Vous qui êtes directement concerné par le sujet, que pensez-vous de la proposition ?

Ce n’est pas une question de ce que je pense, mais des résultats. Cette solution, si elle est appliquée, ne serait que temporaire. Elle diminuera certainement le coût dans l’immédiat, mais si la roupie continue à se déprécier et si le prix du fret continue sur la courbe ascendante, on reviendra bientôt aux mêmes prix et ferons face, dans peu de temps, aux mêmes problèmes. De toute façon, en 2004, le ministre des Finances d’alors, Pravind Jugnauth, avait baissé notre marge de profit de 27 % à 21,6 %. Dix-huit ans après, on se rend compte que ce n’était pas la bonne solution car, encore une fois, temporaire. Quant à nous, comme nos marges de profit sont plafonnées, nous sommes aussi pénalisés par les paiements par cartes à cause des commissions bancaires.

Il n’y a pas de solutions, donc ?

Il y en a toujours une. Vous savez, à Maurice, le système de santé est gratuit. Donc, l’État est en concurrence directe avec les pharmacies. Maintenant, limiter notre marge de profit équivaudrait, encore une fois, à rendre notre situation plus difficile. Mais je ne dis pas que la population doit payer les pots cassés, je dis simplement que le système doit être revu.

Que proposez-vous comme amélioration ?

Déjà, le service public doit être amélioré. Prenons l’exemple des dialysés. Souvent, les médicaments sont en rupture de stock à l’hôpital et les patients sont contraints de se tourner vers le privé. Mais là, c’est clairement le gouvernement qui doit assumer ses responsabilités. Ce n’est pas à nous de pallier le problème public. Maintenant, si l’État ne peut pas subvenir aux besoins des patients, il peut sous-traiter. Les patients viennent récupérer leurs médicaments dans les pharmacies, et nous sommes compensés. Personne n’est pénalisé.

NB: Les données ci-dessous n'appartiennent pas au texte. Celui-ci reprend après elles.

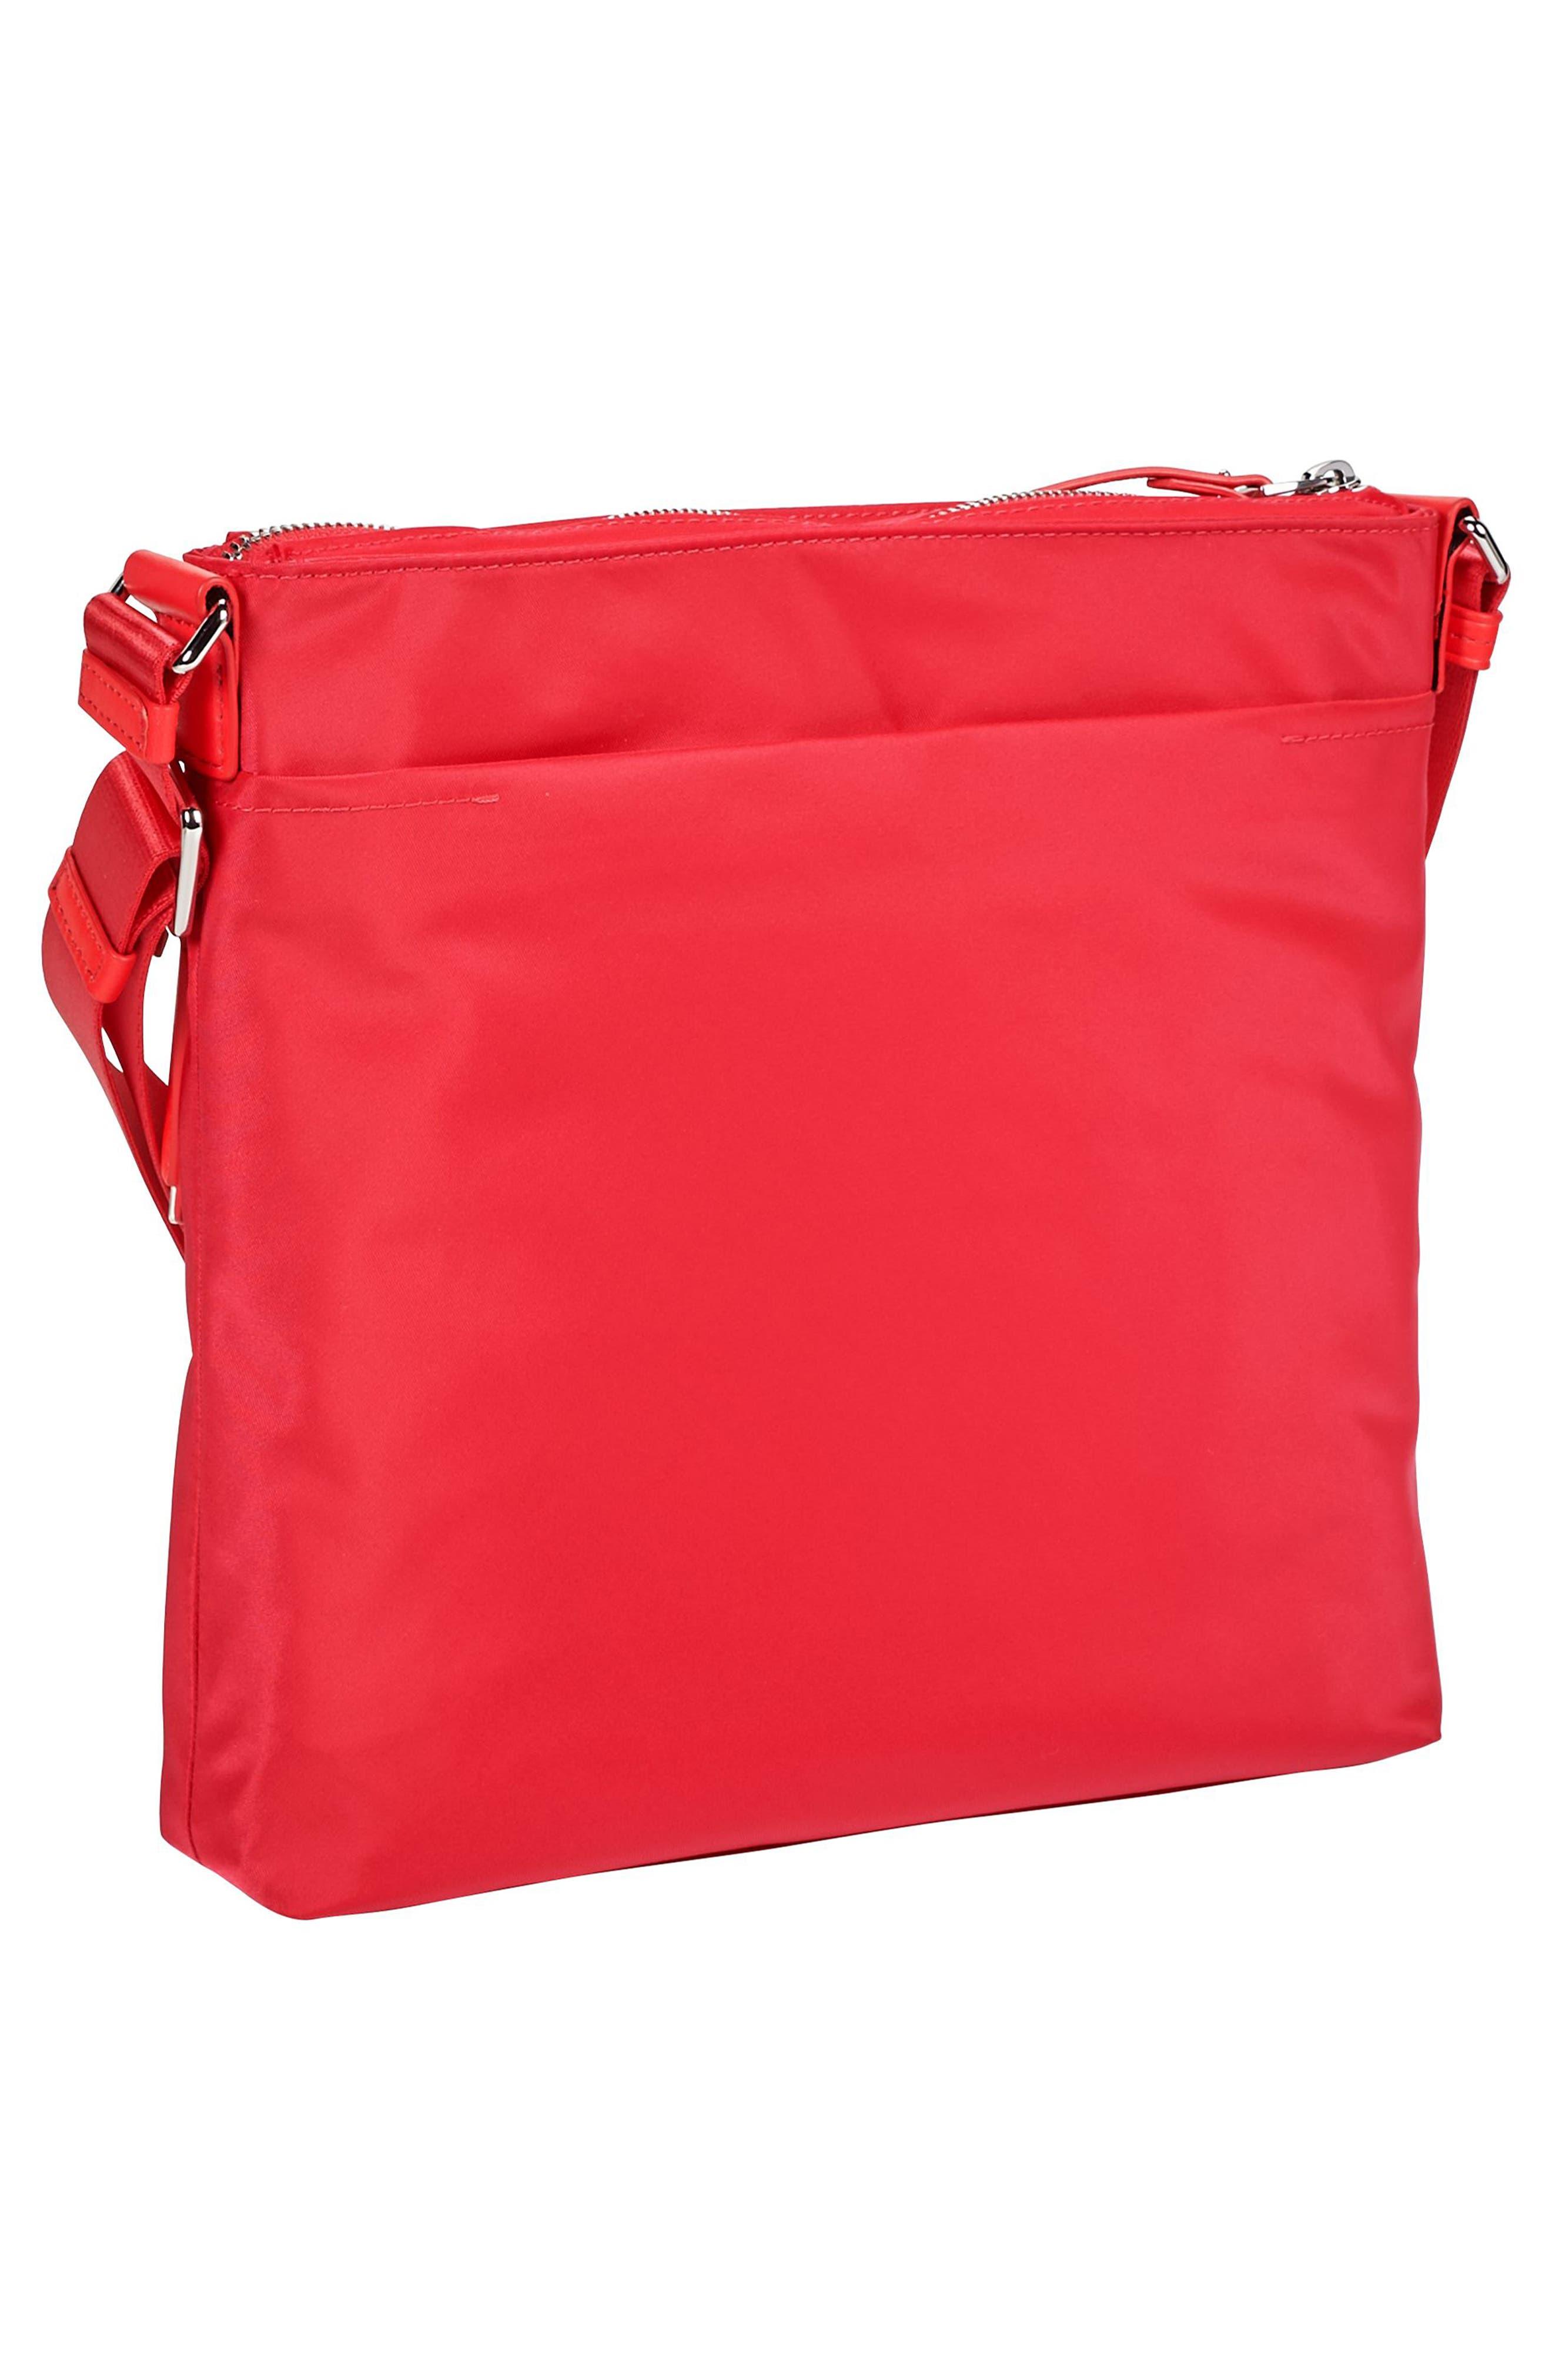 Voyageur - Capri Nylon Crossbody Bag,                             Alternate thumbnail 4, color,                             Hot Pink

Ou encore, pourquoi ne pas mettre en place un système similaire à celui des pays où le système de regressive mark up existe ? C’est-à-dire, l’État rembourse les dépenses en médicaments du patient à une certaine hauteur et selon les revenus. Le consommateur sera soulagé et l’État aura rempli ses fonctions. Puis, il faut aussi qu’il y ait un meilleur contrôle des prix à la source par le ministère du Commerce pour éviter les erreurs.

L’autre solution proposée a été la vente de génériques à moins cher…

Je suis tout à fait d’accord, mais là, on a enfoncé une porte ouverte. Le marché local est inondé de génériques, et je n’exagère pas. Pour certains produits, il y a une dizaine de génériques. Selon notre Code of practice, nous avons le droit de donner un générique à un patient, avec son aval, même si le médecin ne l’a pas prescrit, car tous les médicaments de ce genre sont aussi efficaces que la marque originale. Prenons l’exemple des anti-inflammatoires. Il y a une marque originale, une autre marque moins chère et un troisième avec un prix encore plus faible. Ce qu’il faudrait, c’est peut-être plus de produits, offrant ainsi le choix entre trois prix, et que le client puisse décider de celui qui lui convient.

Pendant que nous sommes sur le sujet, où en est le projet des consultations payantes ?

Comme je l’ai déjà dit, il n’y a rien de décidé ni de mesure qui sera applicable dans le futur proche, mais je tiens à préciser que ce sont des conseils professionnels et qu’il serait dommage de faire de la politique dessus.